Secondly, and more importantly, the much-vaunted anti-corruption drive has
been proceeding as though Bangladesh knew no such thing as military corruption.
Kickbacks in army purchases and construction projects, in fact, have figured
prominently even in controversies involving political parties in the past. Watchdog
Transparency International has characterized this dimension of Bangladeshi corruption
as "notorious."
The army - under its chief of army staff, General Moeen U Ahmed, who famously
ruled out a return to "elective democracy" in a public speech not
long ago - makes no secret of its post-election strategy. It is openly peddling
and promoting the idea of a national security council, with the power to veto
decisions of an elected government. In other words, the army may appear to stay
in the barracks, but will continue to be the real power behind the facade of
a civilian government.
This is the model which Milam and many others of his persuasion in the US establishment
and think-tanks would seem to have in mind for Pakistan. Off and on, of course,
we hear of Washington's concern for restoration of democracy in that country,
but experience teaches us not to believe our ears readily in this regard.

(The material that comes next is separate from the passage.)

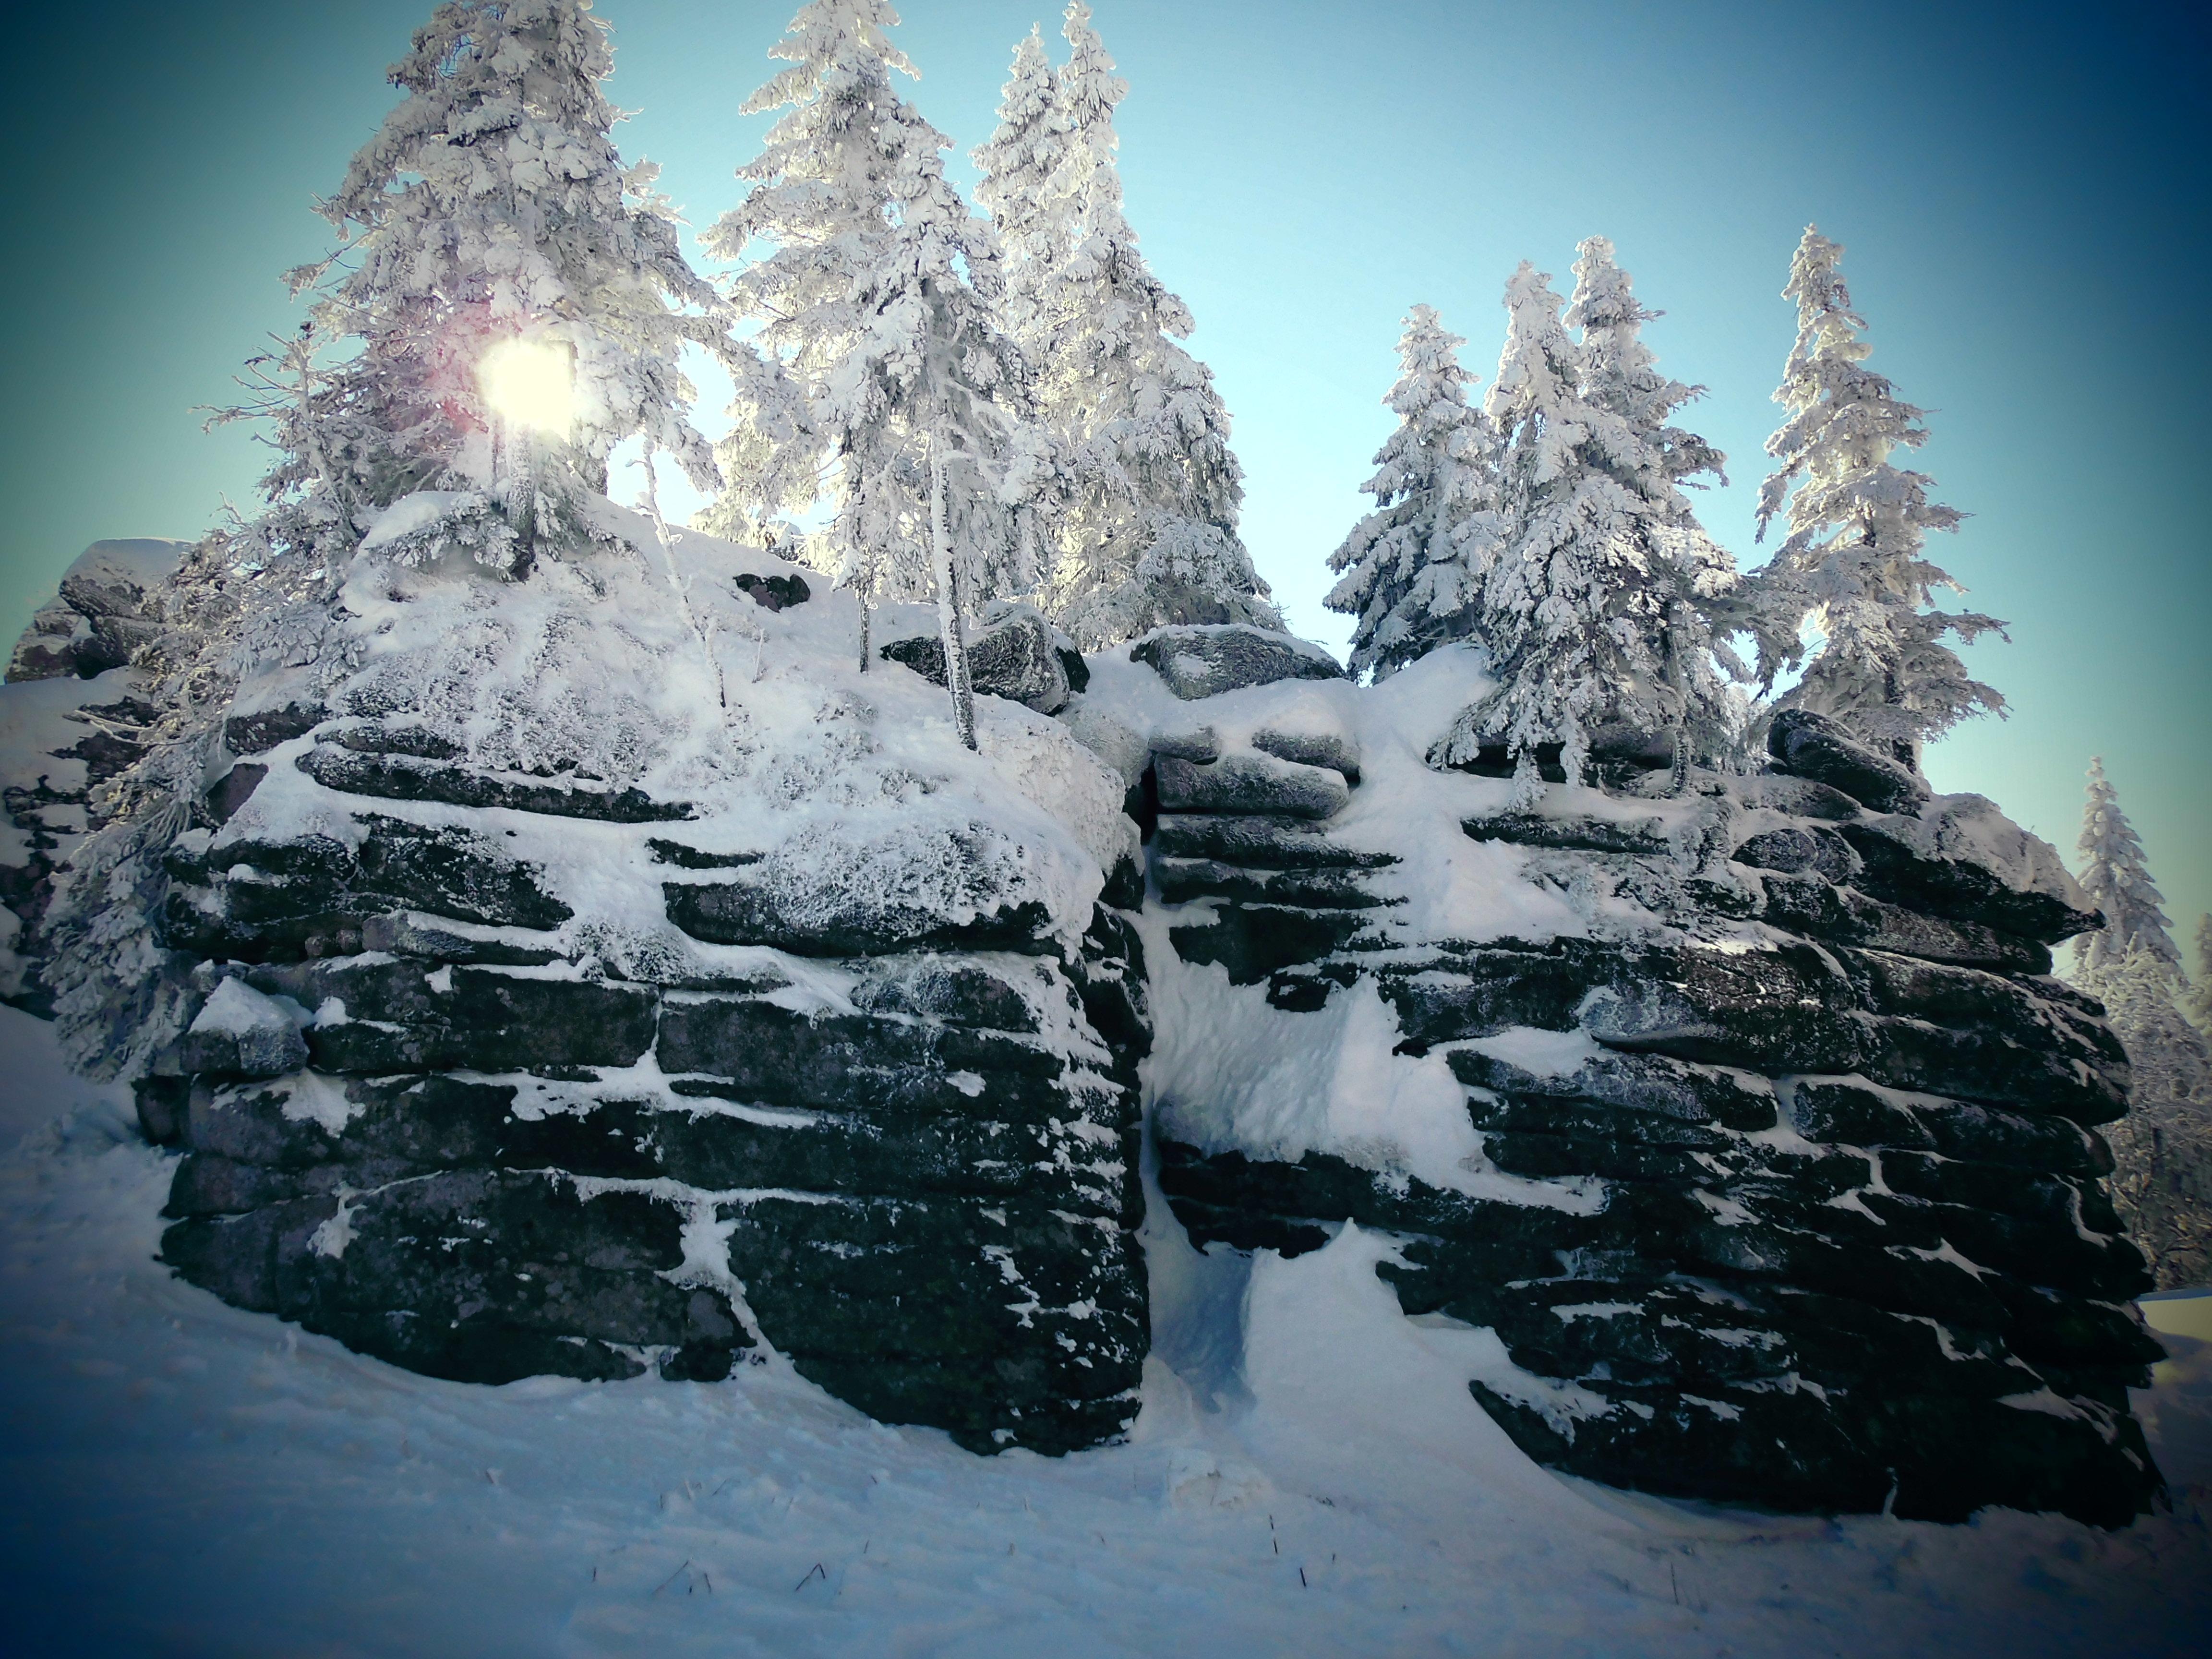 Schnee am Dreisessel, Bayerischer Wald

Said a report in April 2006: "There are indications that the Bush administration
is now imagining a Pakistan without General Pervez Musharraf, according to Stratfor,
an American news and analysis service." According to the report, "this
shift in Washington's thinking will create further domestic problems for the
Pakistani leader, since his political opponents view the US statements as a
signal to intensify their efforts to oust him." The report, however, was
only followed by a reassertion of the Bush regime's support for General Musharraf.
Just over a year later, we were treated to a similar report of a post-Musharraf
"contingency plan," metaphorically in Bush's bag. This, ultimately,
turned out to be the general's own plan with a provision for his succession
by another man in uniform. More recently, the storming of the Lal Masjid was
supposed to signal fresh Musharraf-US strains. Bush, however, set all speculation
at rest by patting Musharraf on the back. It does not appear as if the US president
would embarrass his "anti-teror ally" unduly by any excessive emphasis
on Pakistan's return to a purely civilian democracy.
Turning to Nepal, the pro-US lobby in the Himalayan state has for long been
talking about a "Bangladesh-type" role for the military, noted in
these columns before. In my earlier reports, I have talked repeatedly of the
distinguished part played by James Francis Moriarty, US ambassador to Kathmandu
till July 13. Readers might be interested to learn that Moriarty is now likely
to proceed to Dhaka, as a diplomatic crusader for "democracy."
On the eve of his departure from Nepal, the unconventional diplomat launched
a last offensive against the Maoists, now part of the Eight-Party Alliance (EPA)
and its government. He warned the rest of the parties in the EPA to be wary
of the Communist Party of Nepal - and particularly of the party's alleged attempt
at violation of the agreement "arms management." He did not explicitly
call for the Maoists' exclusion from the general election scheduled for November,
but he did assert that the CPNM had yet to prove itself to be a political party.
Envisaging the success of the army's experiment in Bangladesh and its emulation
in Pakistan, Milam exclaims: "What a boost it would be for the Islamic
world if the two Muslim homelands of South Asia led that world into sustainable
democracy." No harm, he might have added, if an army-sustained democracy
wins in non-Muslim Nepal, too.
A freelance journalist and a peace activist in India, J. Sri Raman is the author of "Flashpoint" (Common Courage Press, USA). He is a regular contributor to Truthout.